# Aluminum rims, worth it?



## DJBecker (Nov 3, 2010)

This isn't really EV specific...

Reducing unsprung weight can increase efficiency as less energy is dissipated on rough roads. You can get an idea of how much energy is involved by measuring the temperature of the shock absorbers, which turn 50-90% of the bouncing energy into heat. On rough roads shock absorbers can get quite hot, but they remain cool on a typical highways.

My guess is that saving a few pounds on each wheel will improve handling and performance, but the range improvement will be barely noticeable.

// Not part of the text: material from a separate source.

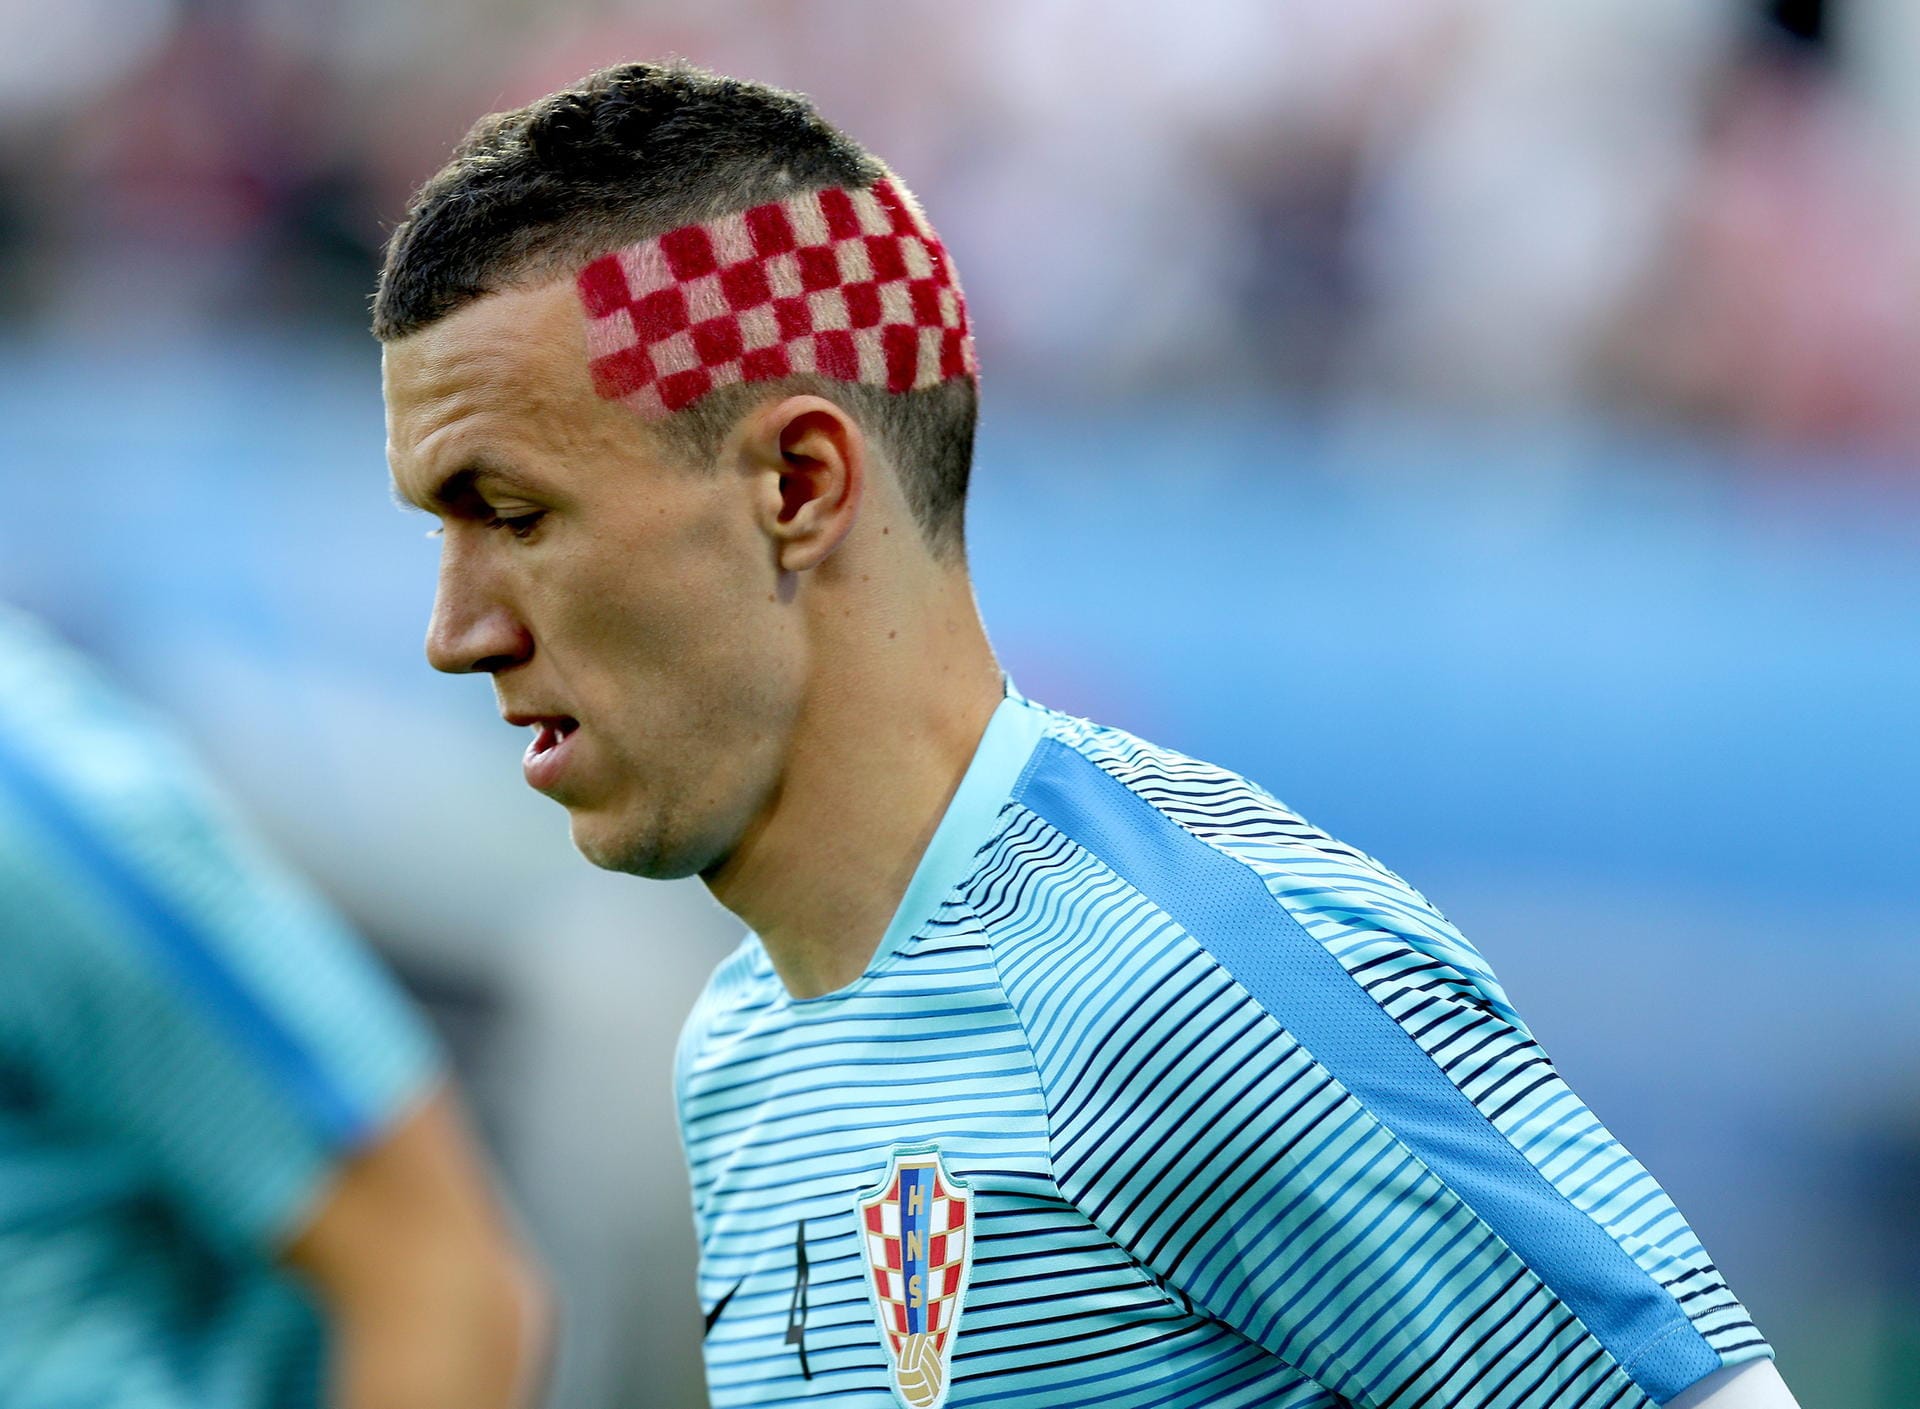 Kroatien schlug derweil souverän Spanien mit 2:1 - und hofft ebenfalls auf den großen Wurf. Der Ex-Wolfsburger Ivan Perisic besticht derweil mit kurioser Frisur: die kroatische Fahne im Haar, den Patriotismus im Herzen.
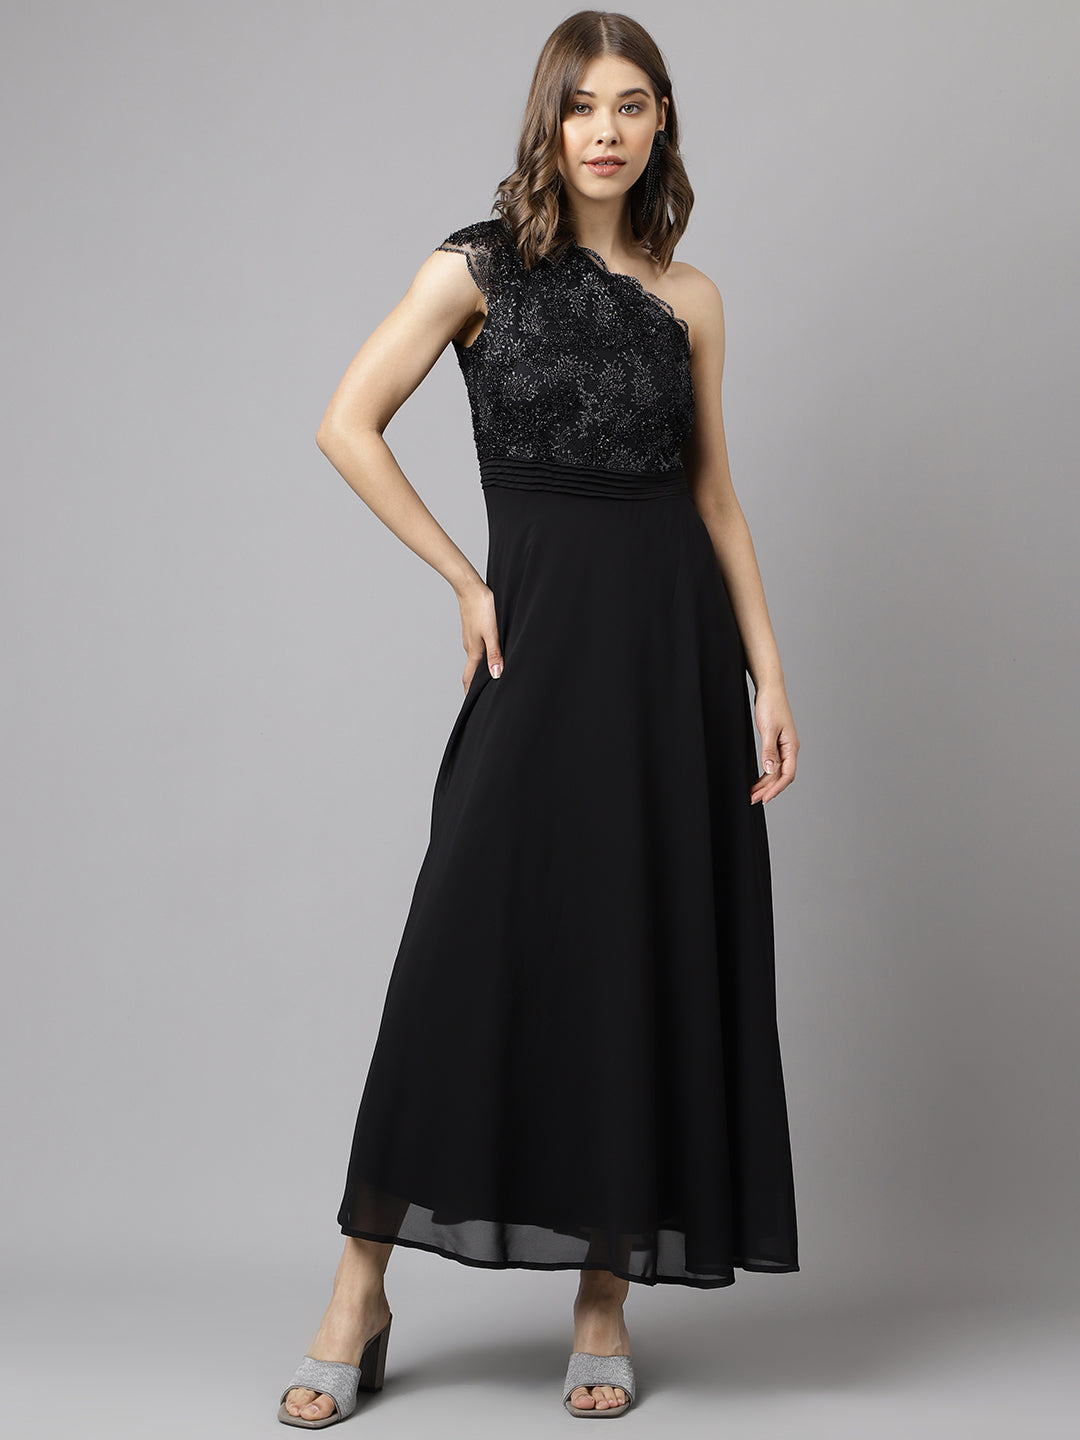 Black Cap-Sleeve Solid Sequin Dress

Low rolling resistance tires are well known to be a big plus in efficiency, but have a reputation for poor traction, noise and unpredictable wet and cold weather performance. Most of those drawbacks can be greatly reduced by giving up just a little bit of the reduction in rolling effort.


----------



## DavidDymaxion (Dec 1, 2008)

If you do lots of crusing at steady speed, not much difference. If you do lots of stop-and-go driving it'll help more. Because it both translates and rotates the weight, a pound off a wheel is like 1.5 to 2 pounds less weight for acceleration. Caution: Many aftermarket wheels are actually heavier than the stock wheels, so don't just assume all aftermarket wheels are going to be lighter.



VOLKSWAGNER420 said:


> Hi there, I was just wondering if the reduced weight of Aluminium rims is worth the cost? Would the rolling weight of the steel ones help you coast more? (doubt it) What about the low rolling resistance tires, worth it? Thanks again! SO much to learn!


----------



## aeroscott (Jan 5, 2008)

rotating weight has a much higher effect on acceleration energy So if weight is saved less energy will be used . I changed from 4ply to 8ply tires same size much heavier , I could feel how much slower it accelerated


----------



## VOLKSWAGNER420 (Apr 21, 2012)

All very good to know, think I will stick with the stock ones, I have always l liked the "Moon cap" style VW centers. Plus the skinny tires that fit on there can't be that much rolling resistance. Thanks!


----------



## Coley (Jul 26, 2007)

I have a set of magnesium wheels that I thought about using on my EV, but they are affected by road salt (as aluminum would be), so I don't use them

Winter driving is bad for aluminum wheels.


----------



## VOLKSWAGNER420 (Apr 21, 2012)

Magnesium, wow! I bet they GIVE those away huh!? Yeah our winters require sand only in NC and then only every two or three winters but after the info on here I think I will skip them as it seems like it would help off the line, but not really for range. I think the warp 11 should be fine off the line but it is good to know it is an option if I need it. Thanks!


----------



## VOLKSWAGNER420 (Apr 21, 2012)

gottdi, Yeah those would clean up real nice! I will be on the lookout for a good deal on some decent used ones. Soooo, any tips on those front fenders and running boards? Or do you refuse to have any part in the molestation of a perfectly fine 1302 ('71 & '72) LOL I used to get the same looks when I had my CUSTOM 74 Dodge Charger, the first thing I did was ditch the giant green steering wheel and front bench seat, then swapped out the factory 318 with a motor out of a plow truck! I got a ticket in NY going 133MPH (in a 55, ...78MPH over the limit!) in that car when I was 19, pulled some time in county jail over that one. I just can't see having my Beetle that is gona cost my a$$ $20k - $25k looking like the ones that cost $5k. If I was a HISTORY major then I would have more of an appreciation for "Stock" antique "survivors" But I am not, I am an Engineer and as such I always think that I can improve on the current design of things, sooo, it is getting customized. So, OFF WITH IT'S FENDERS! Front only, the bugs with the back ones gone look like a dog leaving that has just been kicked in the ass to me.  So I hope that all the purists will bare with me as I chop this classic, you WILL NOT be disappointed with the finished product. So any tips on things that are gona bite me in the ass along the way? How do you put pictures on here? Then we can all have a moment of silence before I break out the sawzall!


----------



## VOLKSWAGNER420 (Apr 21, 2012)

Yeah if it was real old I would have swapped it for a more suitable one. And not to worry, the sawzall is for the 6inch rust hole on the front passenger floorboards NOT far any usable parts. I DO make an effort to get the parts that I don't care about in to the hands of someone who appreciates them and as such I don't damage them during removal. The first two things they teach you when you are born in NY is 1. Don't eat the yellow snow!  2. Heat the rusty bolt with 2500 degree Map Gas then qwuelch it with PB Blaster (has a MUCH higher flash point than Water Displacement 40 does) and then tap it with a hammer and THEN it MIGHT come loose. So the Sawzall will be used sparingly!  Thanks again! Like I said anyone on here needs any of this stuff let me know. The stock wheel (cool horn design) and AM FM stereo are MINT and are also leaving. How do I post pictures on here?


----------



## VOLKSWAGNER420 (Apr 21, 2012)

As for the pictures above I am going for the back half of the black ones with flames and the front half of the root beer one. Something classy not a RAT rod.


----------